Entries provided.
□ □ □ □ □
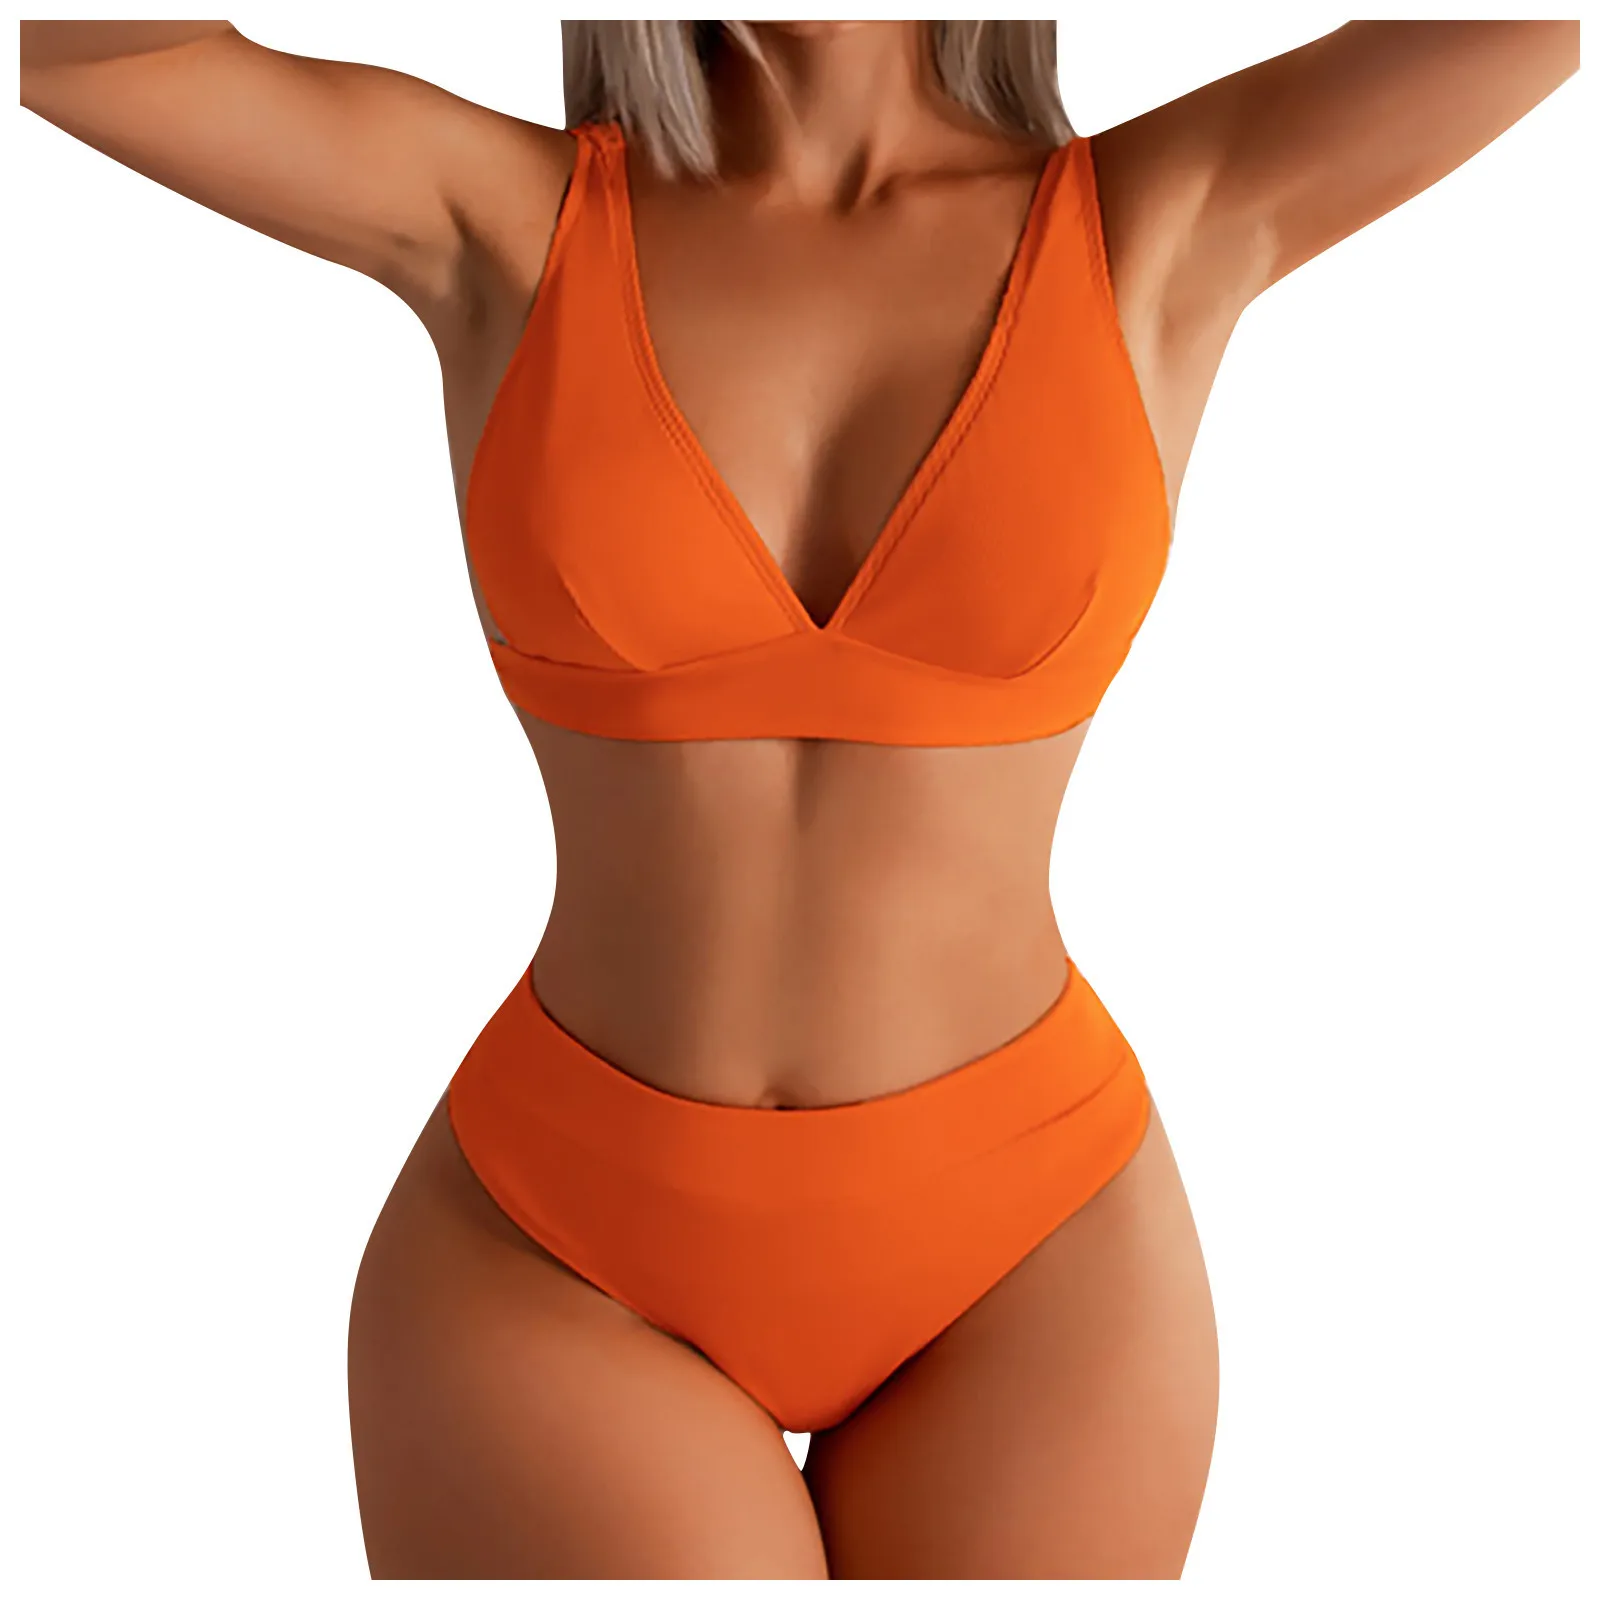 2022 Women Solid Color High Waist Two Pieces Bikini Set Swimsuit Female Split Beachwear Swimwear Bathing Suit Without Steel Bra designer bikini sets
□ □ □ □ □
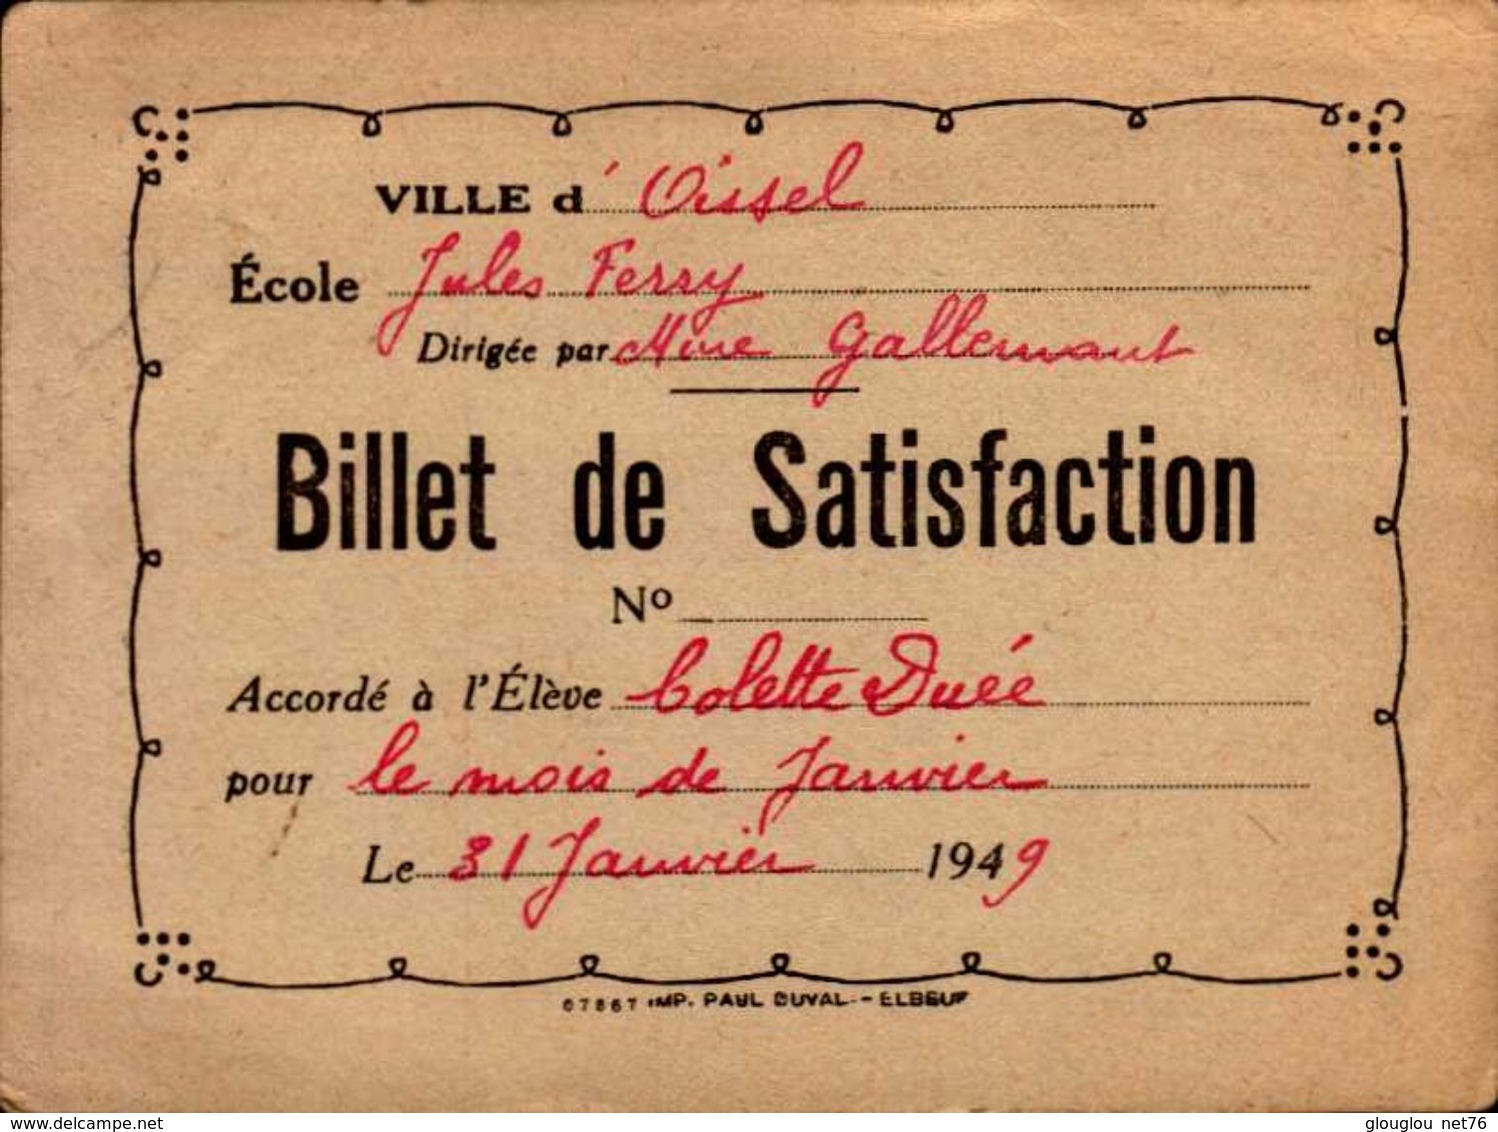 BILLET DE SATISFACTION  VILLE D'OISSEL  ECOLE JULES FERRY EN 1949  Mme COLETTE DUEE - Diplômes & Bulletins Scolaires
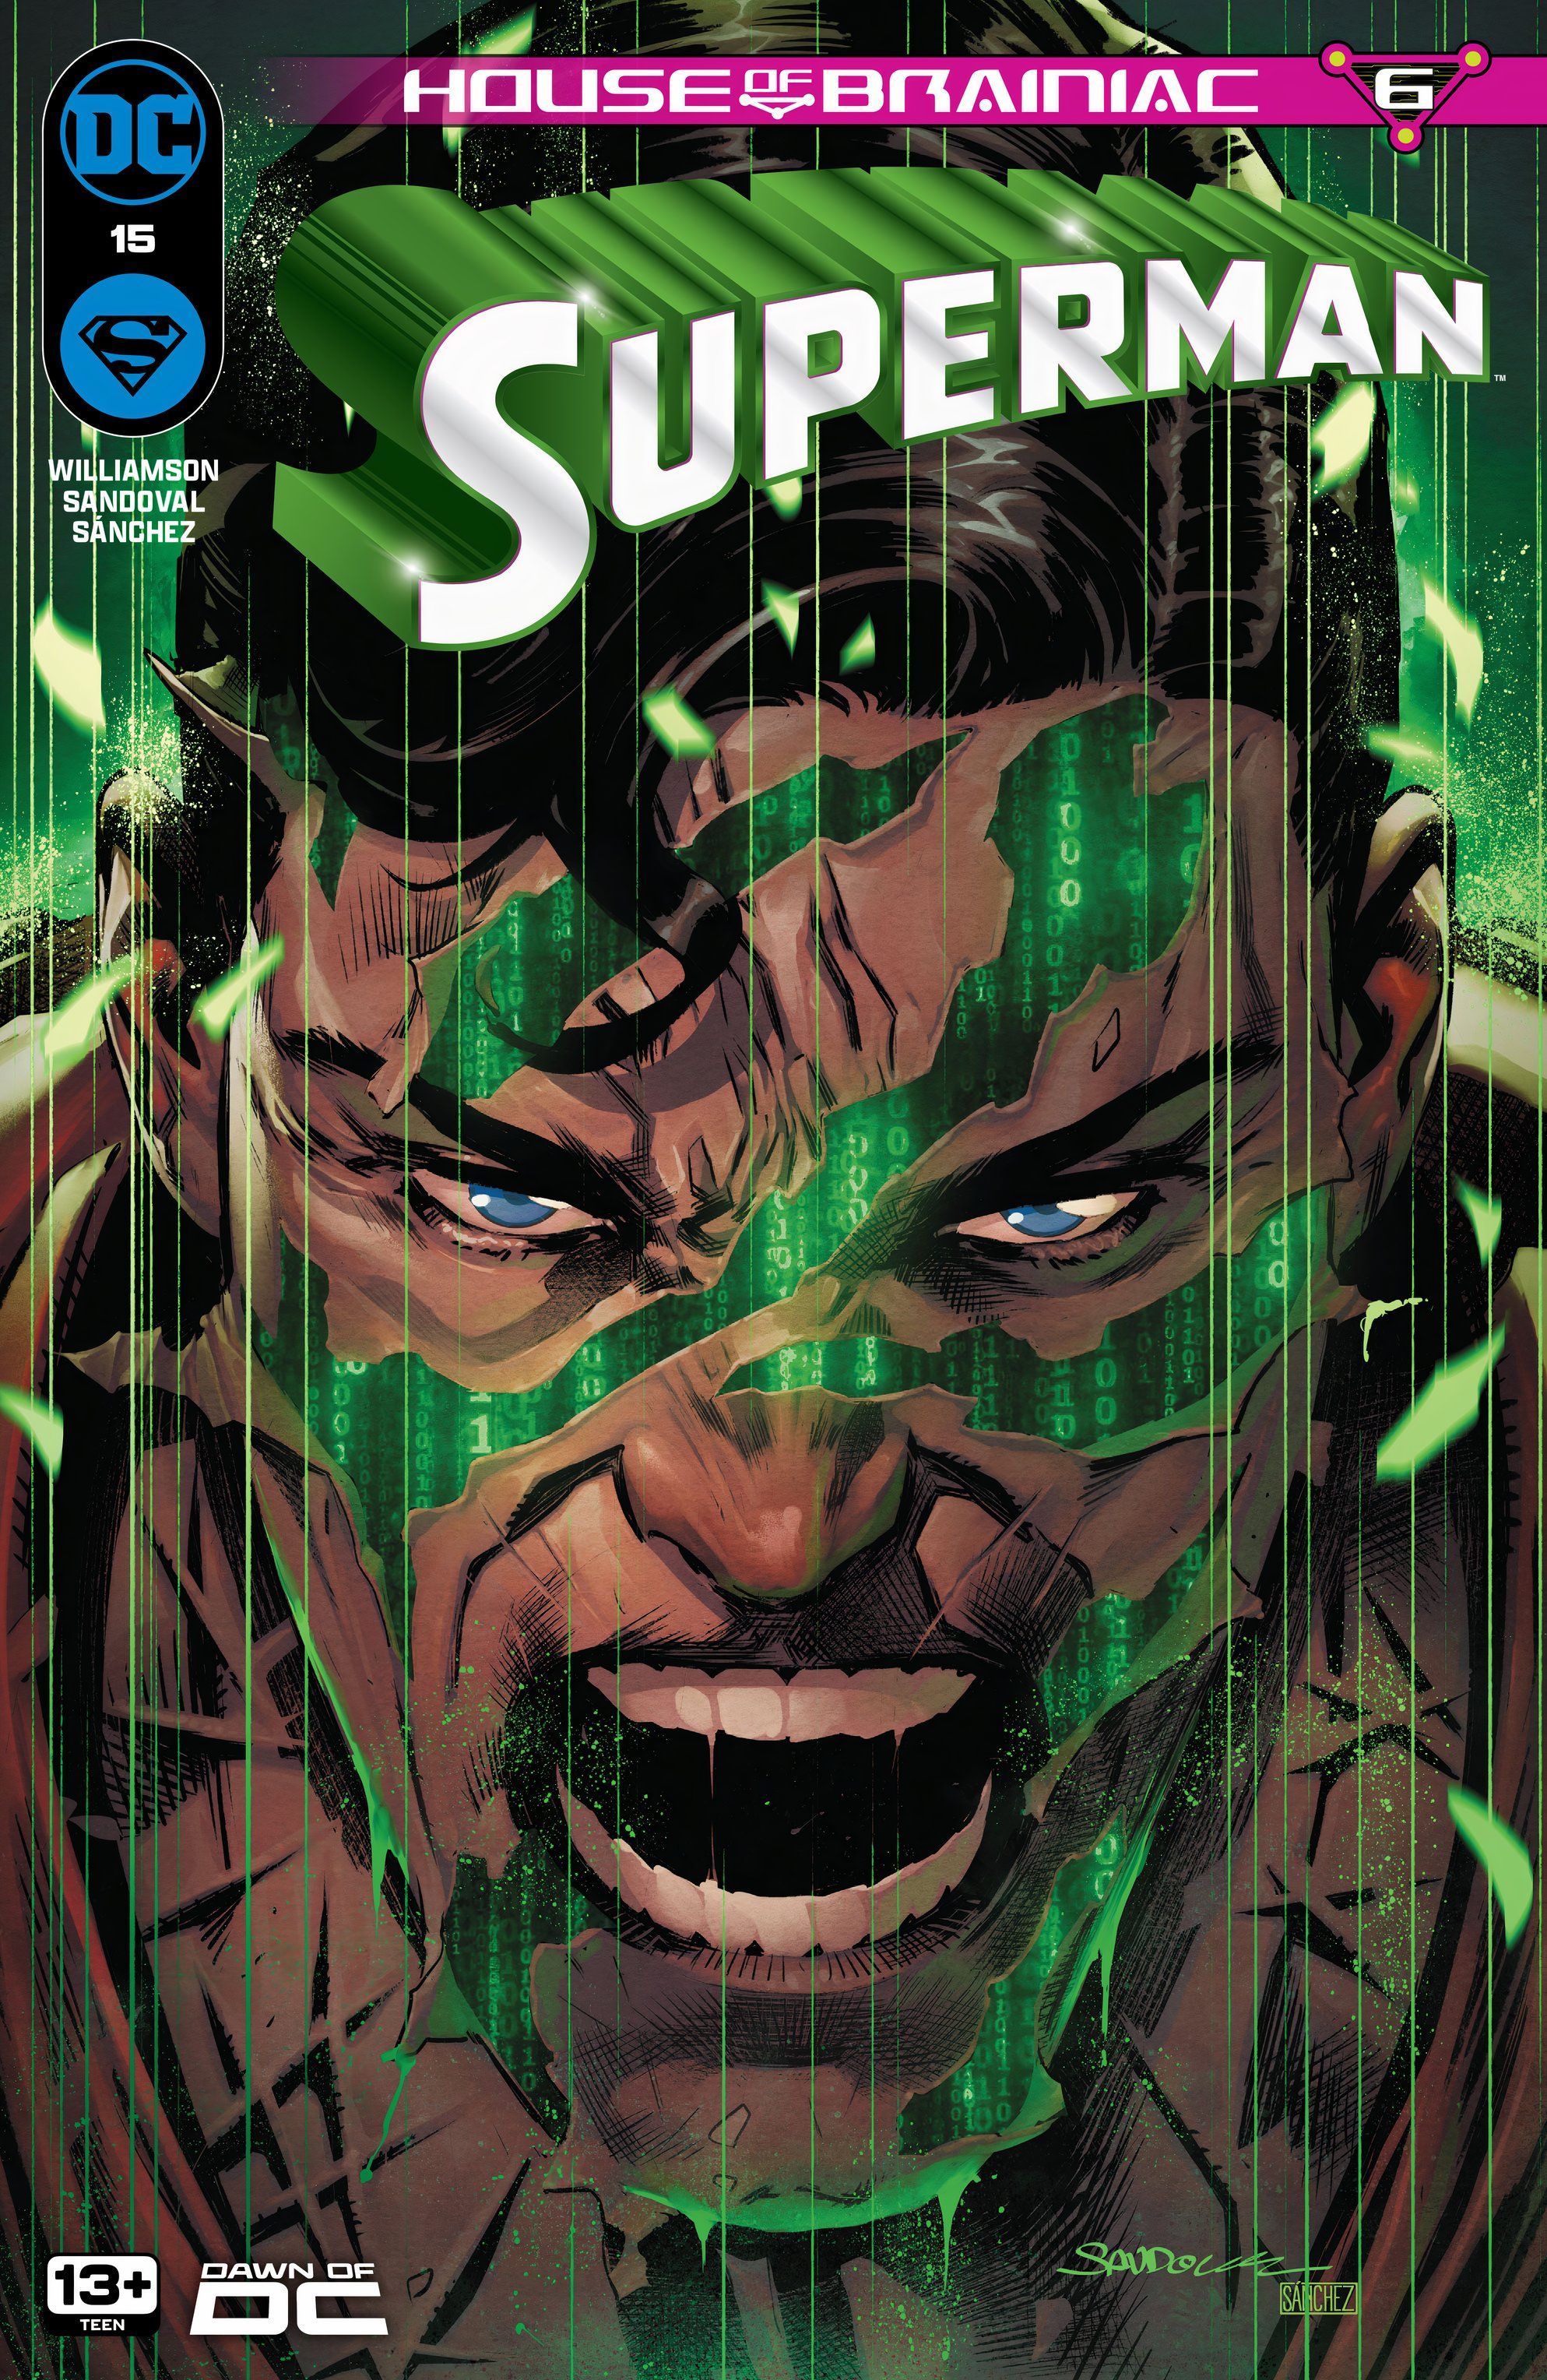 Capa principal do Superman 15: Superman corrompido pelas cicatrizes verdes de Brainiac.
□ □ □ □ □
Prompt. Print exactly the lines above that run from the one with "BILLET DE SATISFACTION" down to the one with "Capa principal do", and omit the pictures.

Answer.
 BILLET DE SATISFACTION  VILLE D'OISSEL  ECOLE JULES FERRY EN 1949  Mme COLETTE DUEE - Diplômes & Bulletins Scolaires
 Capa principal do Superman 15: Superman corrompido pelas cicatrizes verdes de Brainiac.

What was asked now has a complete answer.